Model Evaluation Metrics
Duration: 5 min
This module delves into the various metrics used to evaluate machine learning models. Understanding these metrics is crucial for assessing the performance and effectiveness of your models, enabling you to make informed decisions and improvements.
Understanding Accuracy
Accuracy is one of the most straightforward metrics for evaluating classification models. It represents the proportion of correct predictions (both true positives and true negatives) among the total number of cases examined. While easy to interpret, accuracy can be misleading in imbalanced datasets.

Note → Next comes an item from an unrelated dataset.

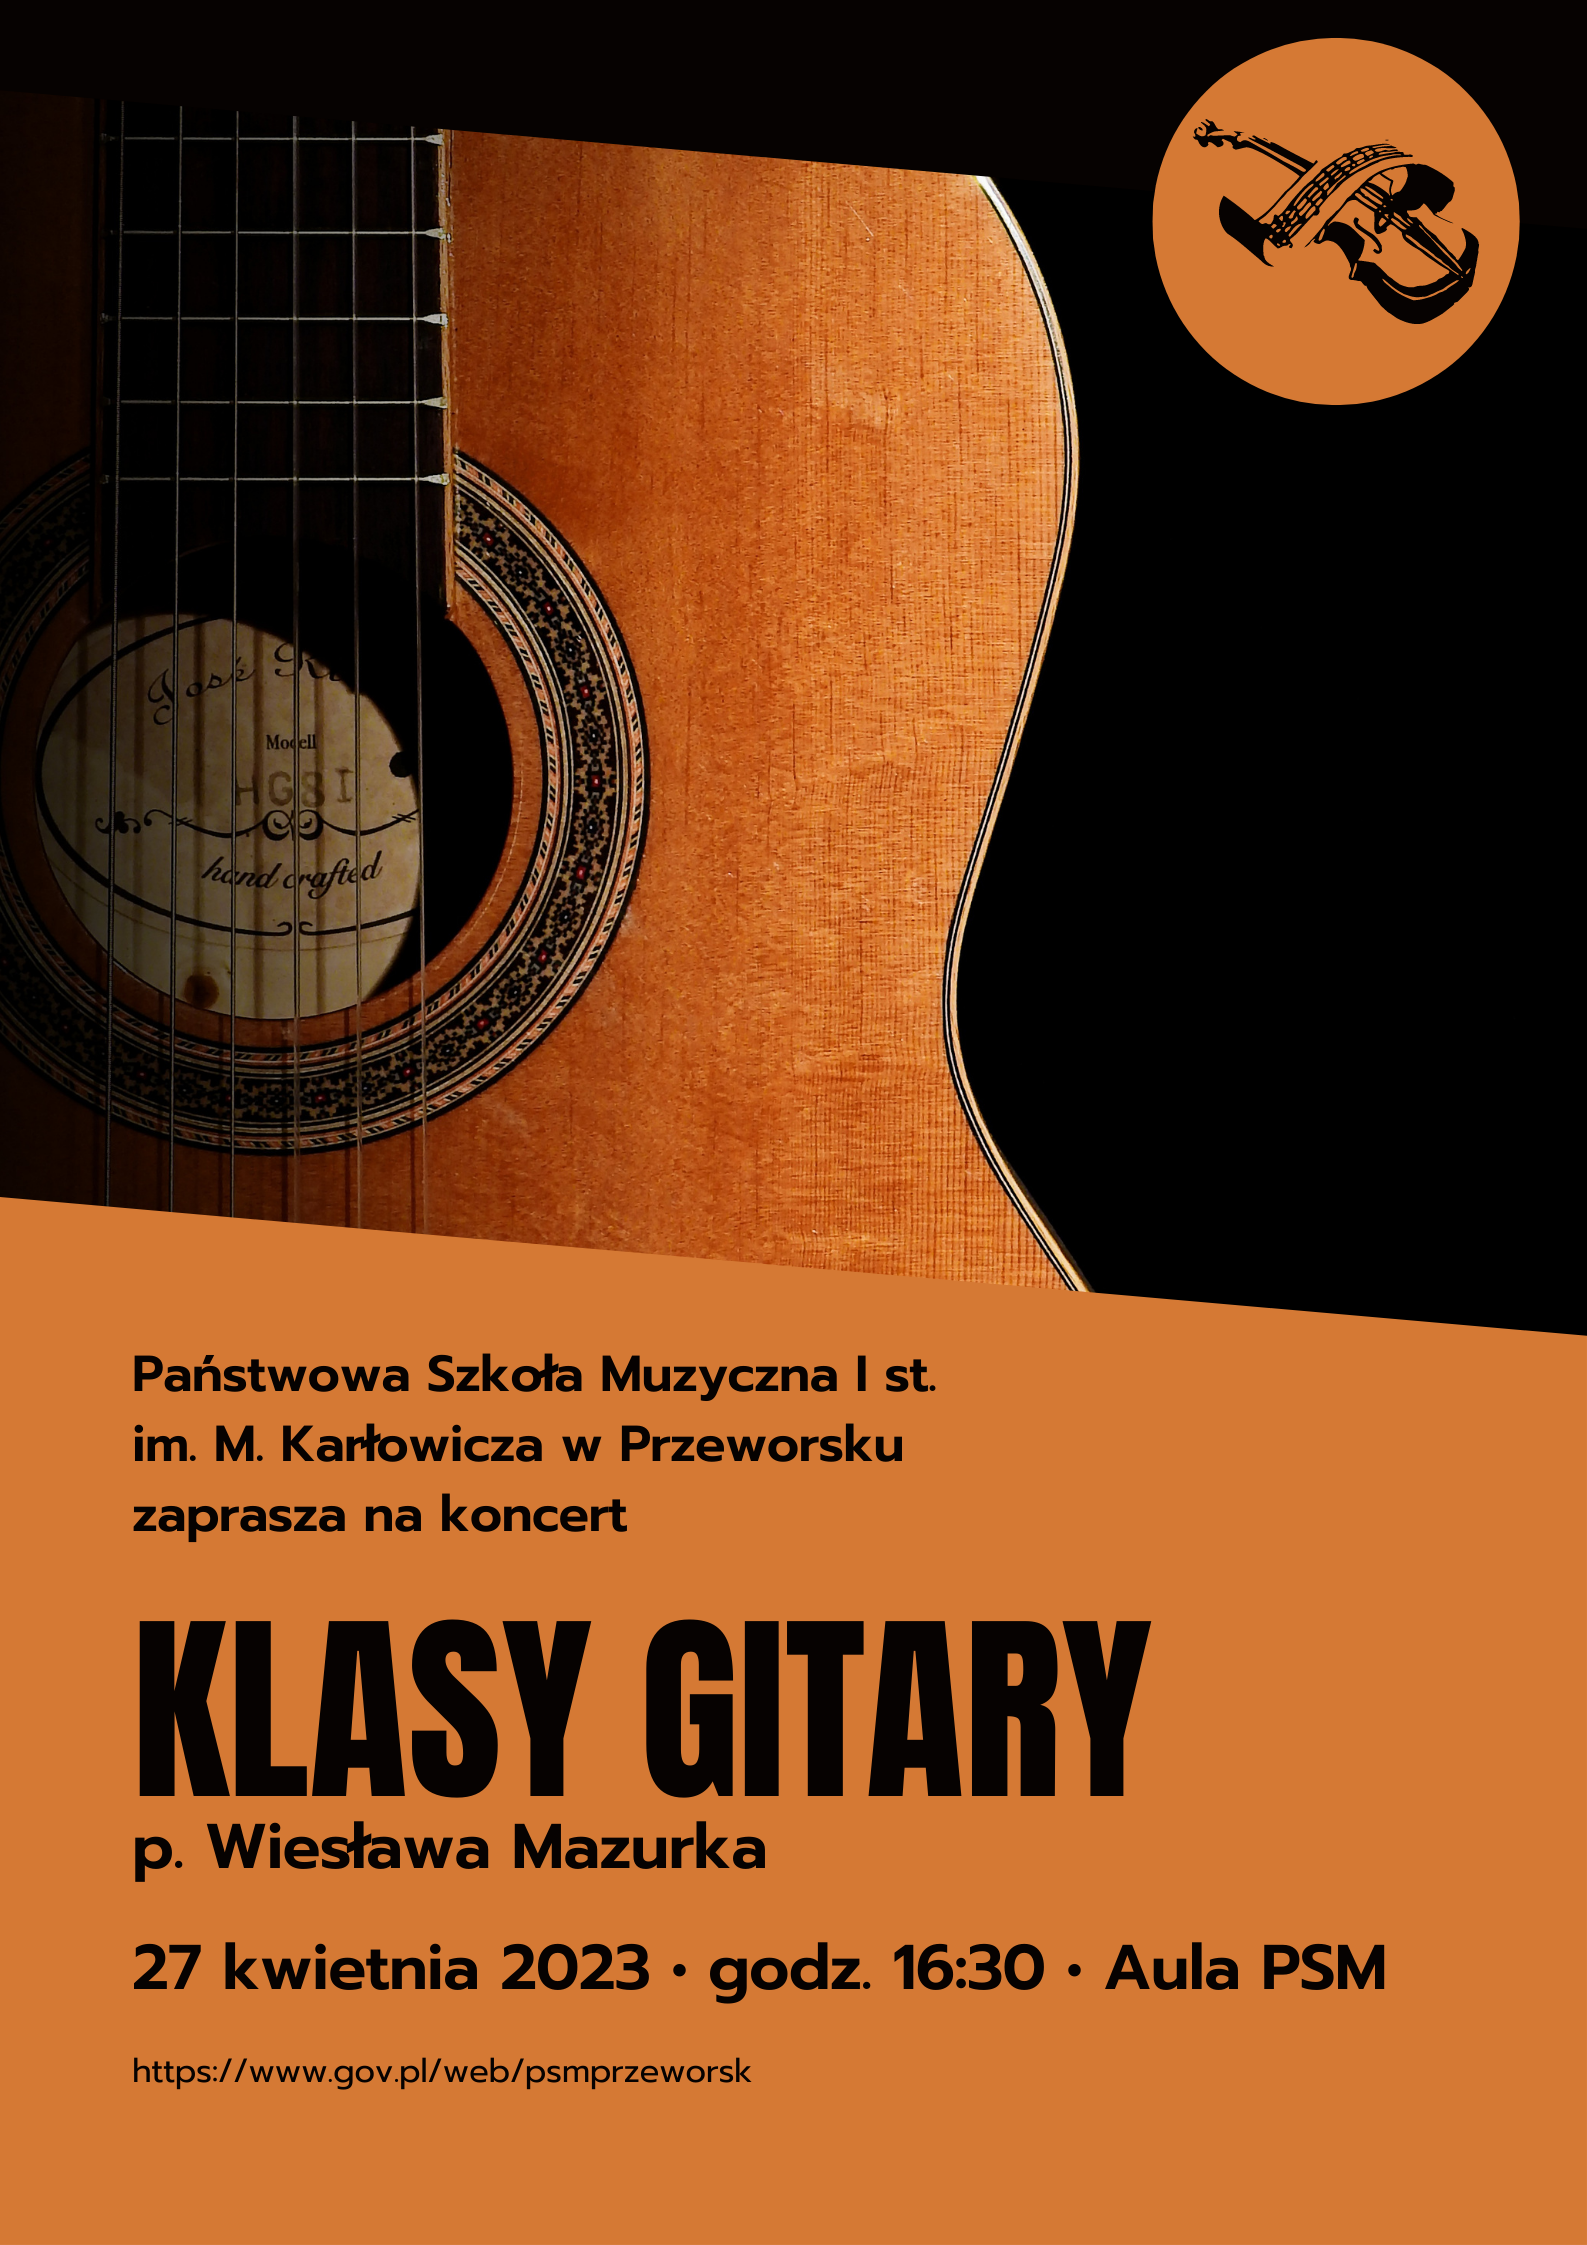 Koncert klasy gitary p. Wiesława Mazurka, 27 kwietnia 2023 godz. 16;30, Aula PSM I st. w Przeworsku. W tle pudło gitary. Plakat w odcieniach brązu.

from sklearn.metrics import accuracy_score
y_true = [0, 1, 2, 2, 2]
y_pred = [0, 0, 2, 2, 1]
# Calculate accuracy
accuracy = accuracy_score(y_true, y_pred)
print(f'Accuracy: {accuracy}')Accuracy: 0.6Exploring Precision and Recall
Precision and recall are essential metrics for evaluating the performance of classification models, especially in imbalanced datasets. Precision measures the proportion of true positive predictions among all positive predictions, while recall measures the proportion of true positive predictions among all actual positives.
from sklearn.metrics import precision_score, recall_score
y_true = [0, 1, 2, 2, 2]
y_pred = [0, 0, 2, 2, 1]
# Calculate precision and recall
precision = precision_score(y_true, y_pred, average='macro')
recall = recall_score(y_true, y_pred, average='macro')
print(f'Precision: {precision}')
print(f'Recall: {recall}')💡 Tip: When dealing with imbalanced datasets, consider using metrics like precision, recall, and the F1 score instead of accuracy to get a more comprehensive understanding of your model's performance.
❓ What does the accuracy metric measure?
❓ Which metric is better suited for imbalanced datasets?
Key Concepts
| Concept | Description |
|---|---|
| Accuracy | Core principle in this module |
| Precision | Core principle in this module |
| Recall | Core principle in this module |
| F1-Score | Core principle in this module |
Check Your Understanding
❓ How does Model handle edge cases?
❓ What is the computational complexity of Model?
❓ Which hyperparameter is most critical for Model?